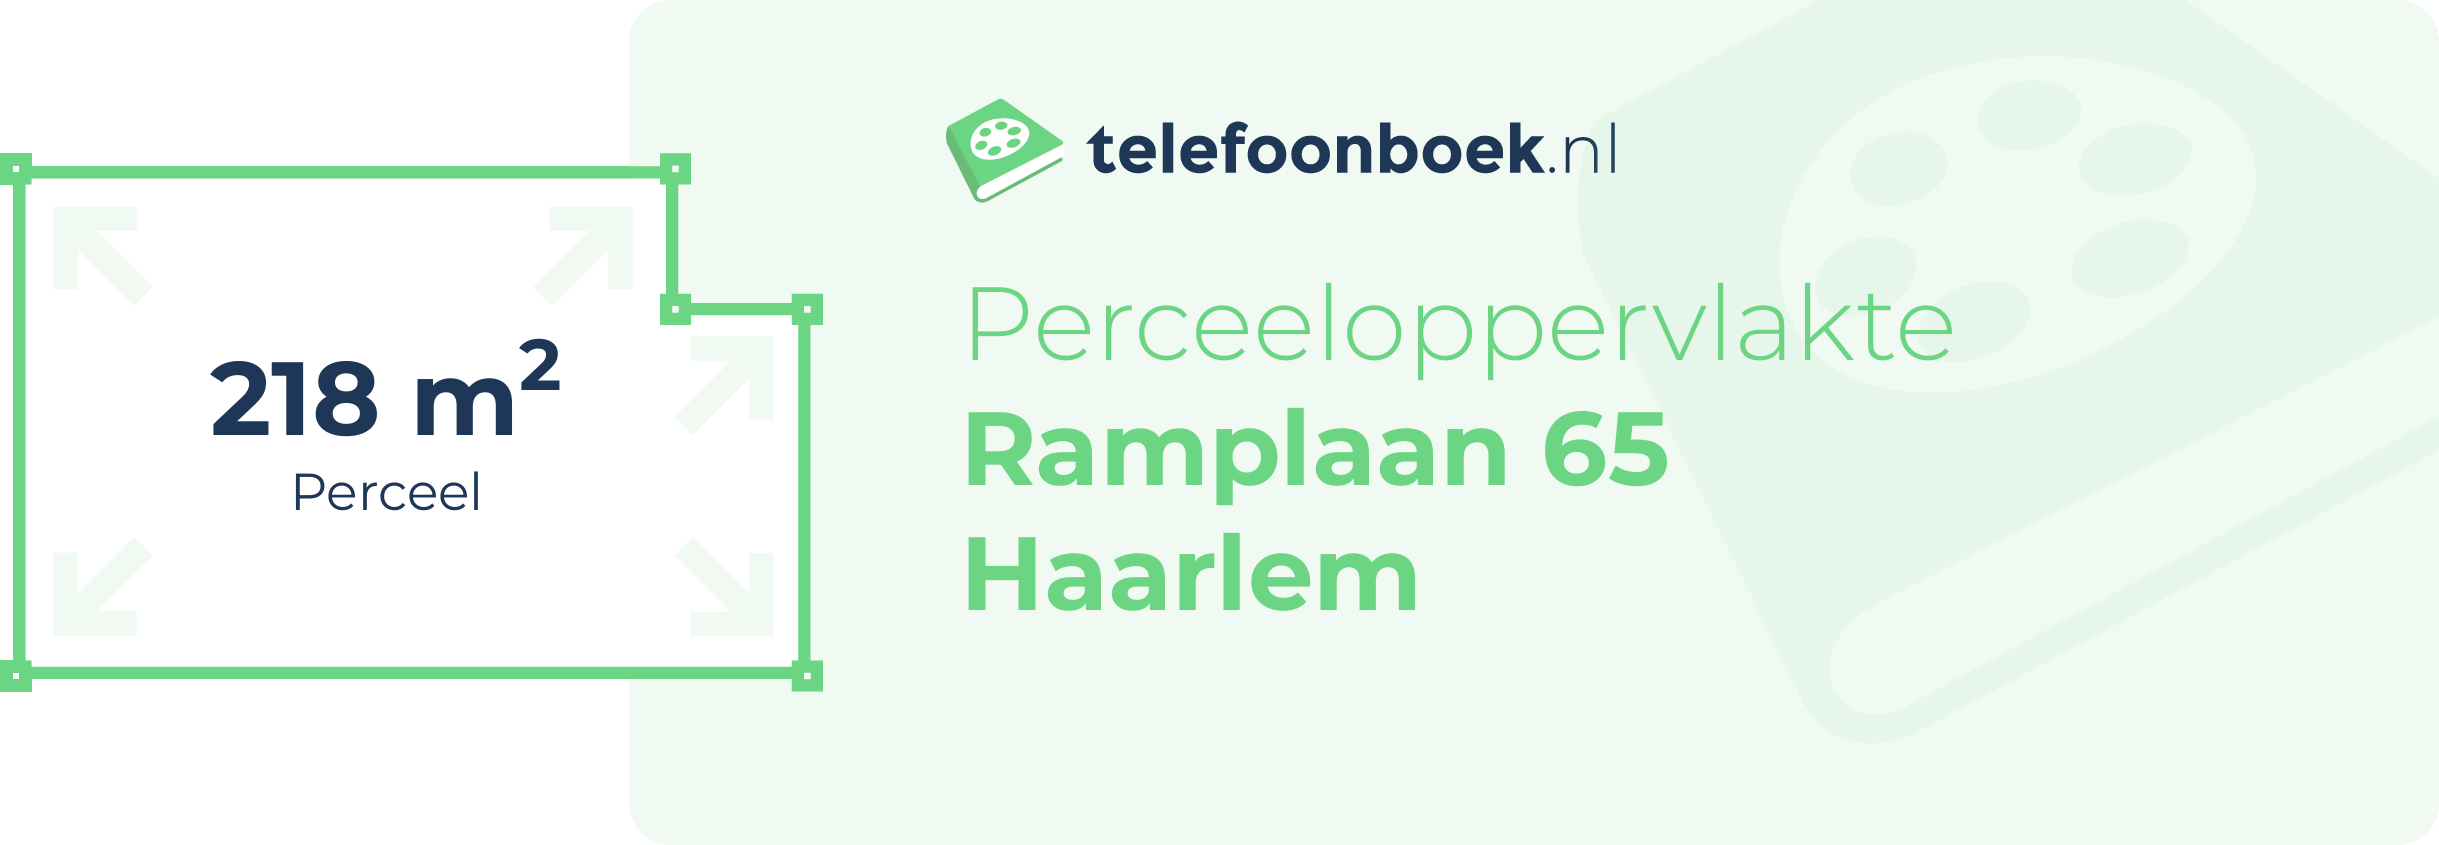 Perceeloppervlakte Ramplaan 65 Haarlem
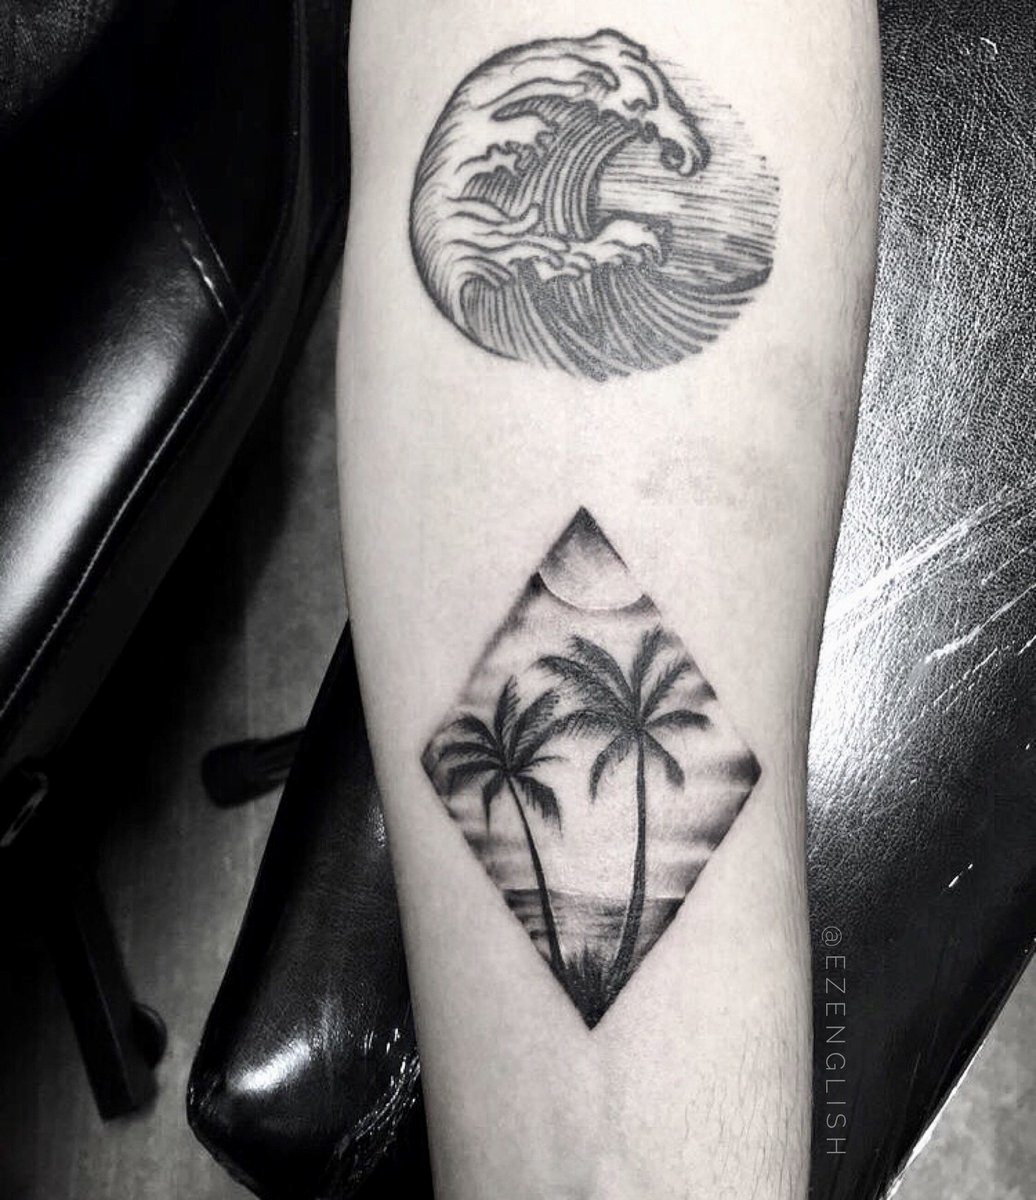 Saul Cruz Tattoos  Custom palm tree     follow tattoo tattoos  ink inked tattooed tattooartist artist art tampa florida  statenisland newyork newportrichey newyorkcity tampabay picoftheday  guyswithink girlswithtattoos 
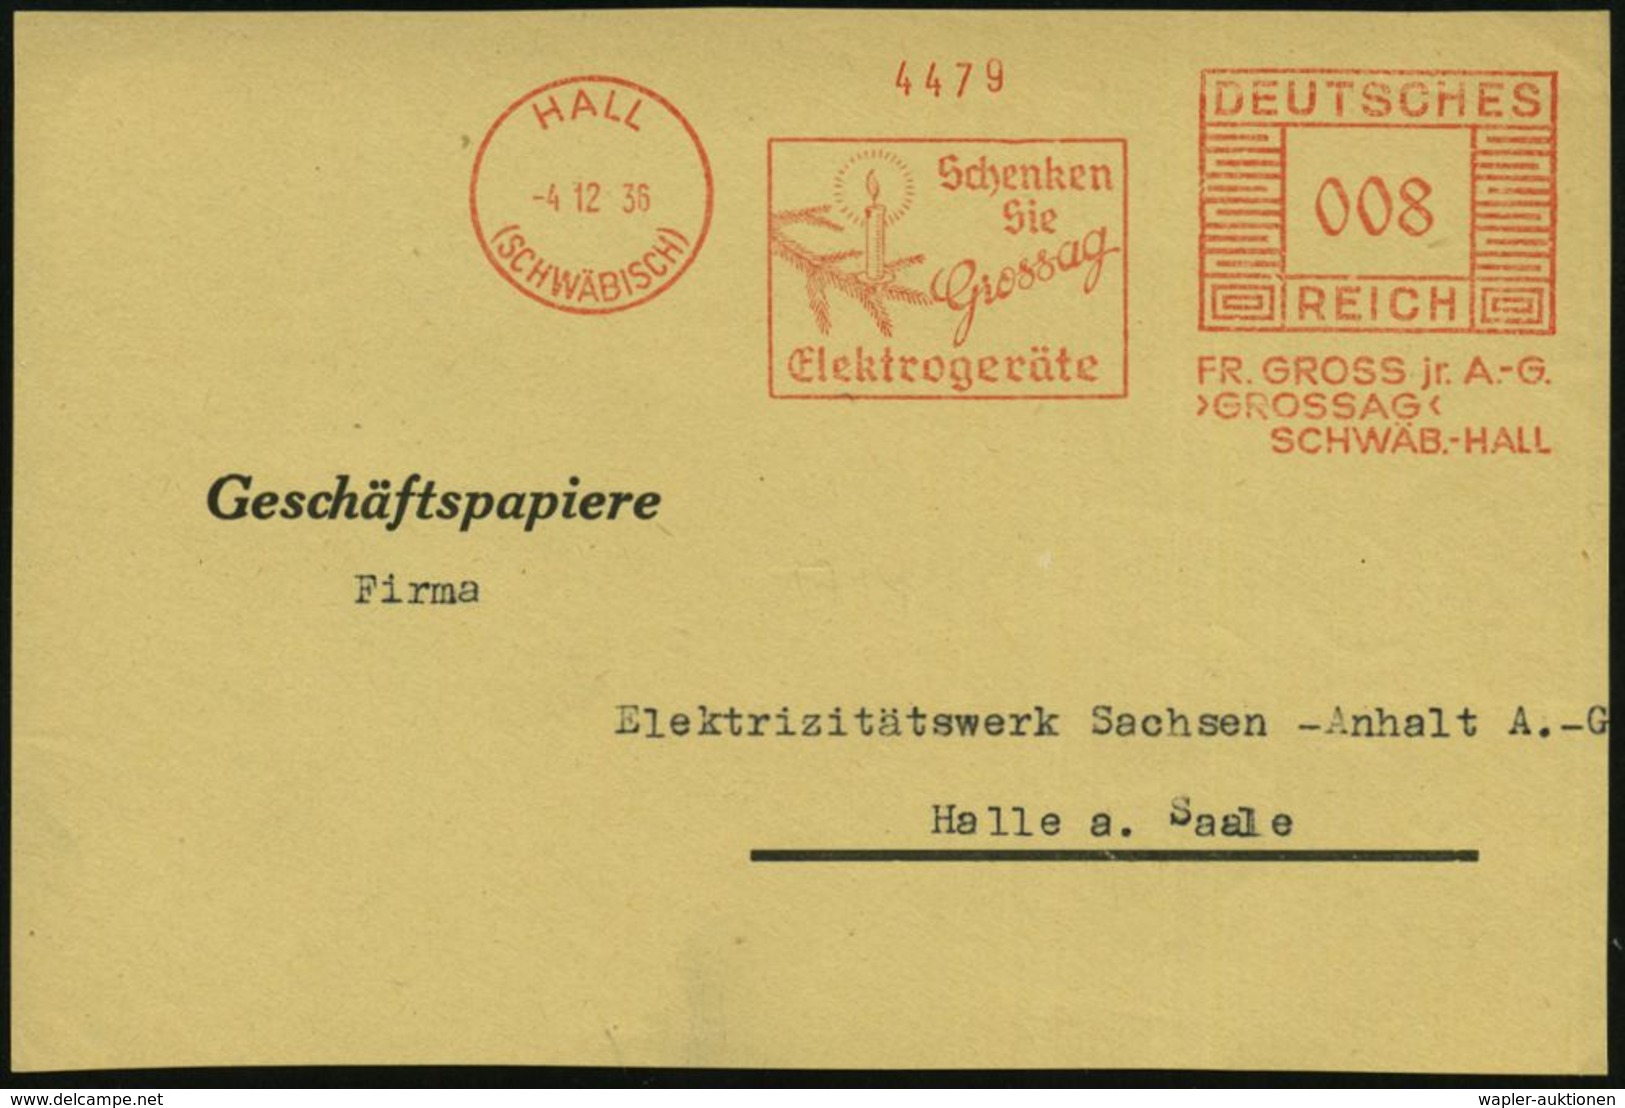 HALL/ (SCHWÄBISCH)/ Schenken/ Sie/ Grossag/ Elektrogeräte/ FT.GROSS Jr.A.-G. 1936 (4.12.) Seltener AFS = Zweig Mit Kerze - Navidad
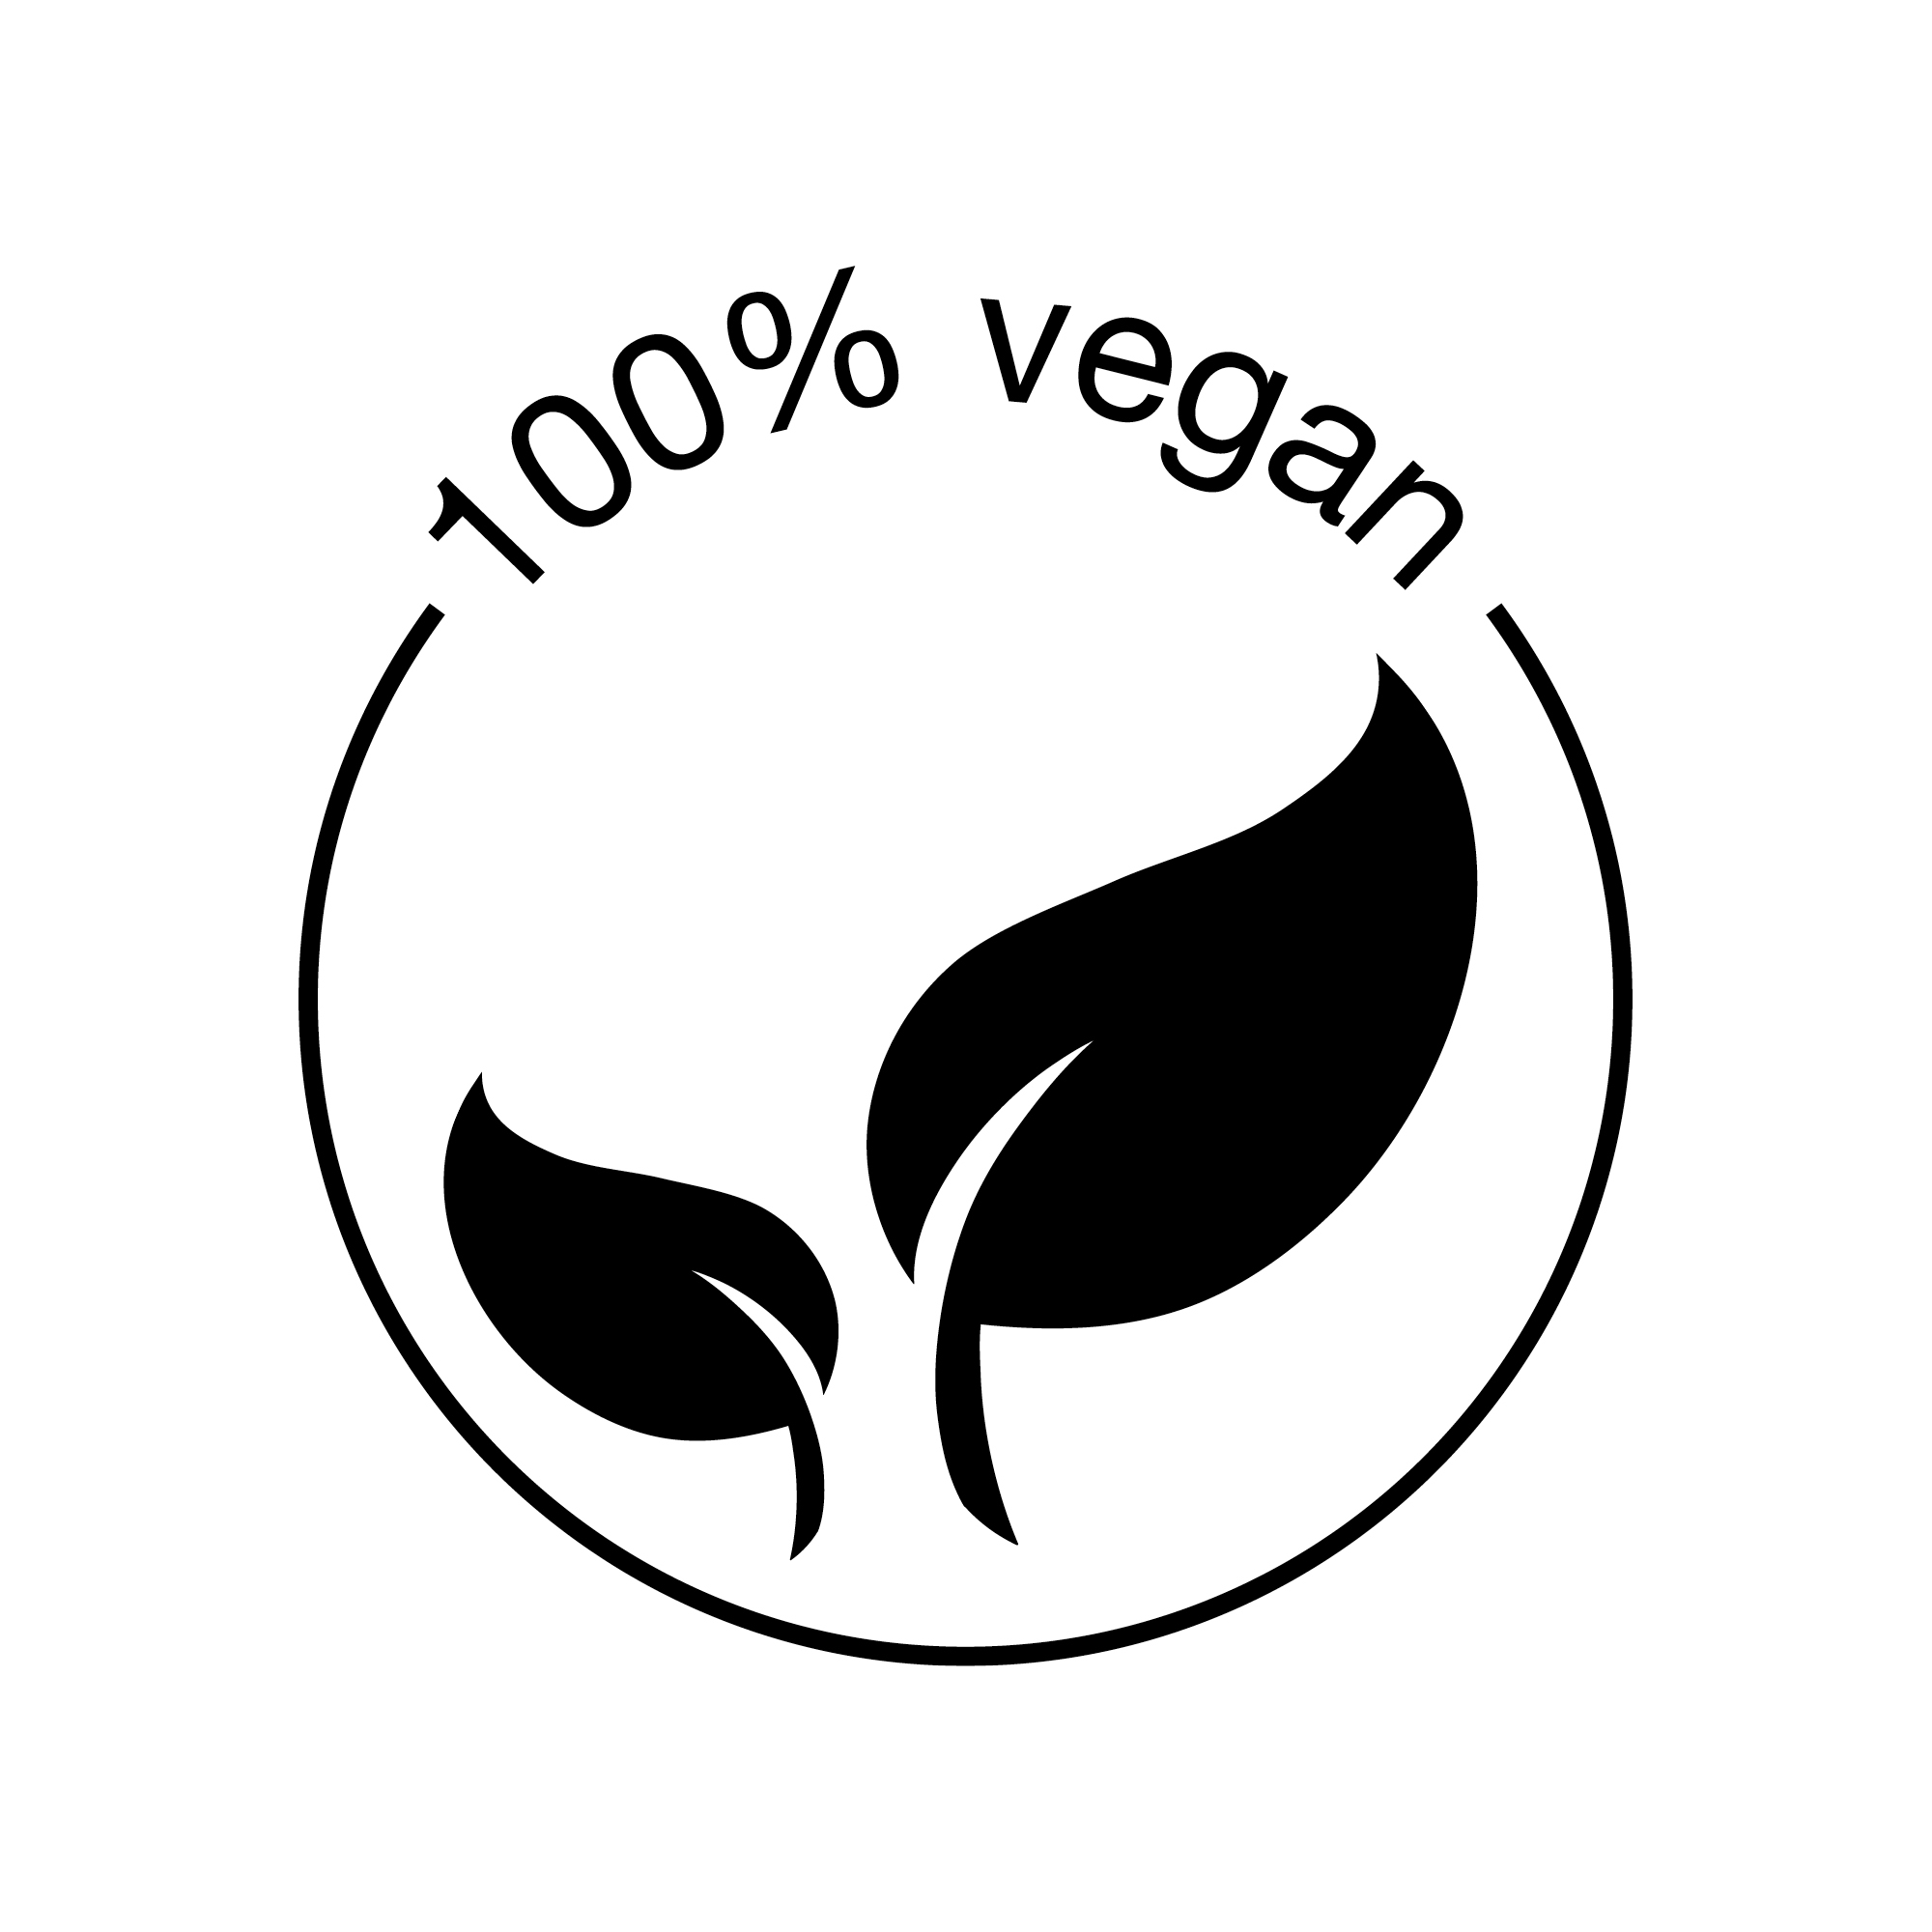 Text, 100% vegan

···

§ **PROBLEM DESCRIPTION**: In transcribing the material above, reproduce each line exactly and include none of the pictures.

§ **ANSWER SPACE**:
 Perceeloppervlakte Ramplaan 65 Haarlem
 Saul Cruz Tattoos  Custom palm tree     follow tattoo tattoos  ink inked tattooed tattooartist artist art tampa florida  statenisland newyork newportrichey newyorkcity tampabay picoftheday  guyswithink girlswithtattoos 
 HALL/ (SCHWÄBISCH)/ Schenken/ Sie/ Grossag/ Elektrogeräte/ FT.GROSS Jr.A.-G. 1936 (4.12.) Seltener AFS = Zweig Mit Kerze - Navidad
 Text, 100% vegan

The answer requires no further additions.